Consider These Factors Before Starting An Edible Landscape

1. Time

Although an edible landscape can be lots of fun, it does not mean you do not have to be committed. Maintenance is still essential in keeping things tidy. If you are time-constrained but want to enjoy the fruits (excuse the pun) of growing edibles, consider planting fruit trees, perennials, or perhaps designating a small space for growing herbs and vegetables. When you grow annual plants, you need to pay more attention to ensure things look good year-round. Take time to create a plan that doesn’t leave you with empty spots.
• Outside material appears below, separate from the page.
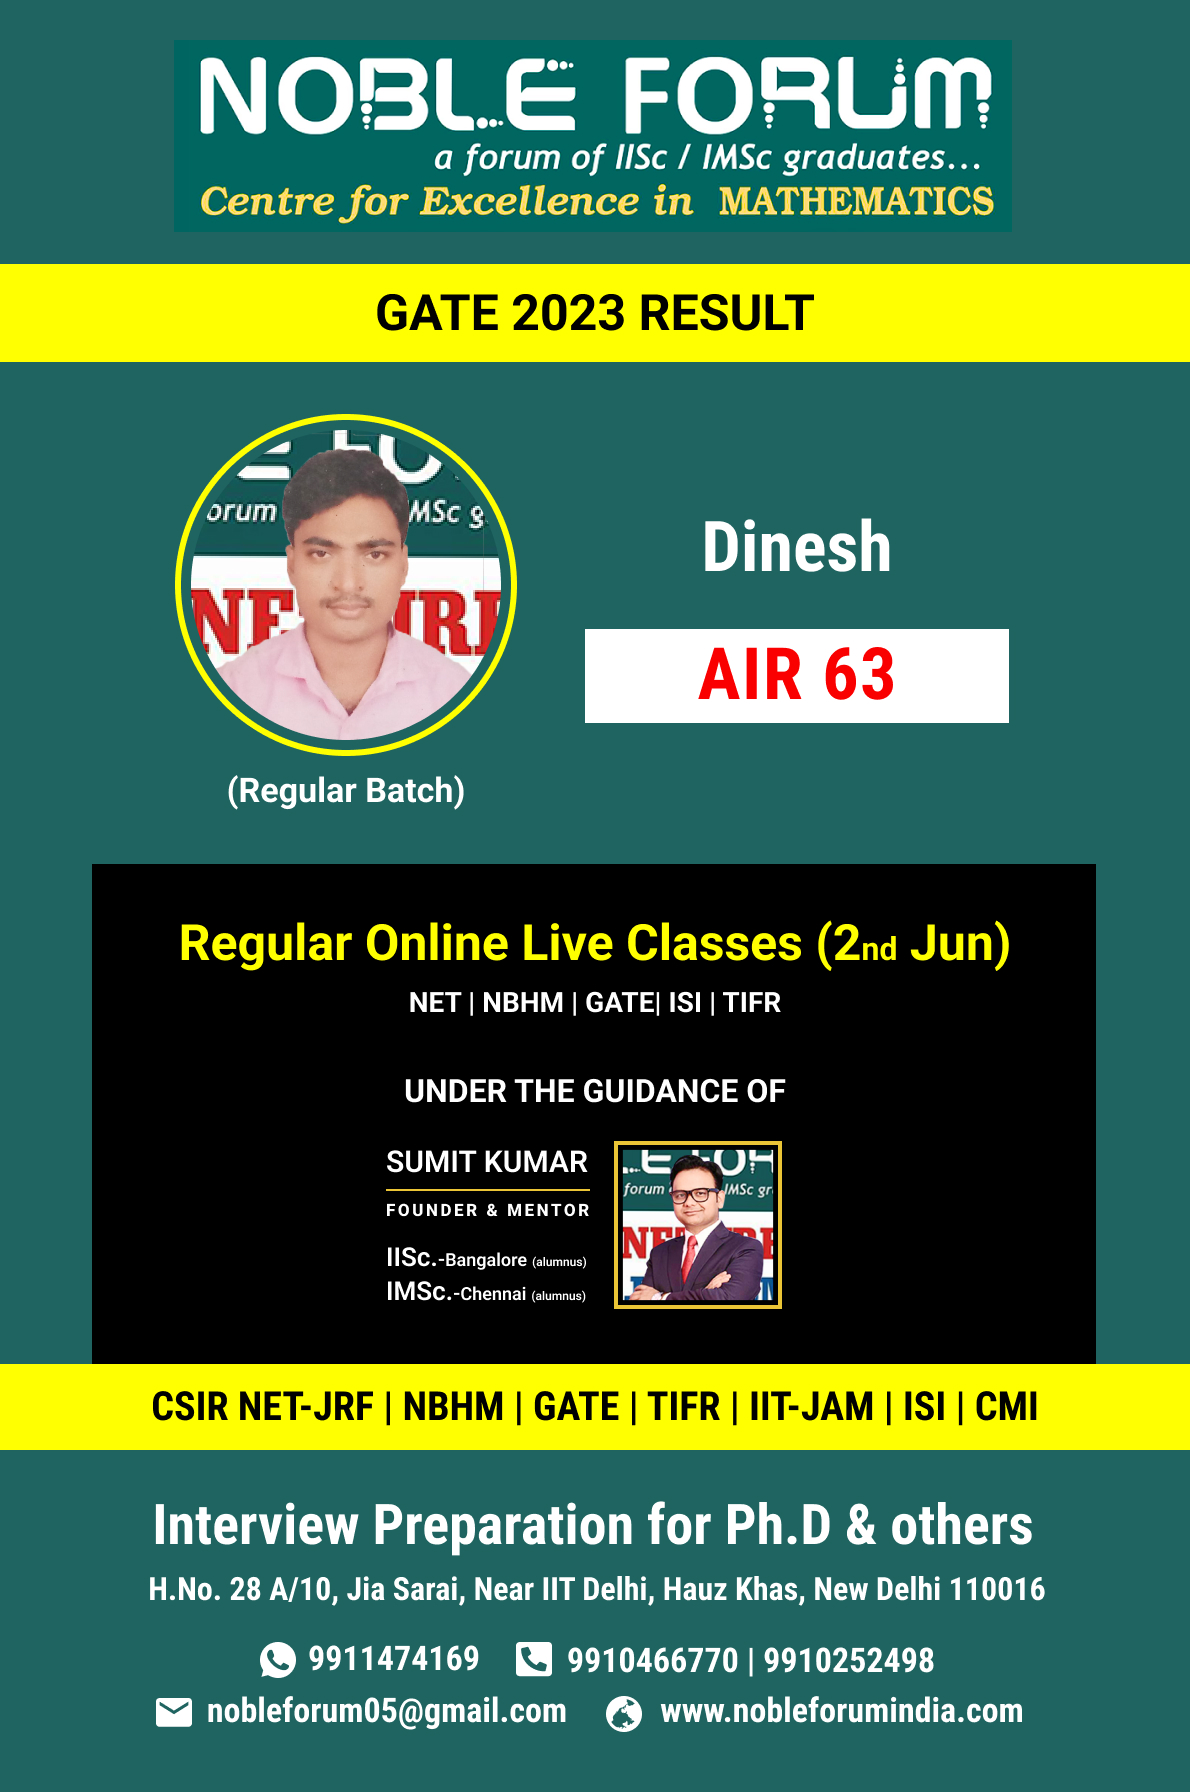 Dinesh-GATE 2023 RESULT

You will need to fill the space once you have harvested what you have planted.

Yards in Cape Coral, Fort Myers, and the surrounding areas are pretty big. If you love the idea of an edible garden, but don’t want yard work to become a fulltime job, consider getting help. Find balance by hiring a service to mow the lawn and trim hedges, while designating an area with a size you feel comfortable with to grow your edibles.

2. Money

Another factor you need to take into consideration is money since plants can get expensive. Keep in mind that landscaping is for the long-term, and alternatives such as buying seeds as a substitute are way cheaper. You will need to choose fast-growing plants that can fill in the empty spaces while waiting for perennial plants to mature.

Certain kinds of plants are more expensive, for example, if you would like to plant mature fruit trees. Consider spreading the cost over time by planting them one at a time. Fortunately, Florida has a long planting window, which makes this easier.

3. Children and pets

You will need to make sure that your garden beds are not easily accessible to walk through or step in. Creating some obstacles and diversions will keep pets and kids away from your plants. When planting edibles, you need to know which area you are going to start your landscaping project. The stream of traffic by kids and dogs should be minimized.

How to increase the visual appeal of your edible landscape?

First, you need to make sure that you keep simplicity in mind. If you have a traditional hedge such as Ficus or Aboricola, you can replace it with an edible version such as berries.

It is also necessary that you keep a balanced landscape. Maintaining balance will depend on the type of edibles you decide to plant.

You should also include the line in your design principle. It can serve as the edge of your garden or a curved walkway. There are many options that you can define the garden bed, including adding an edge or retaining wall.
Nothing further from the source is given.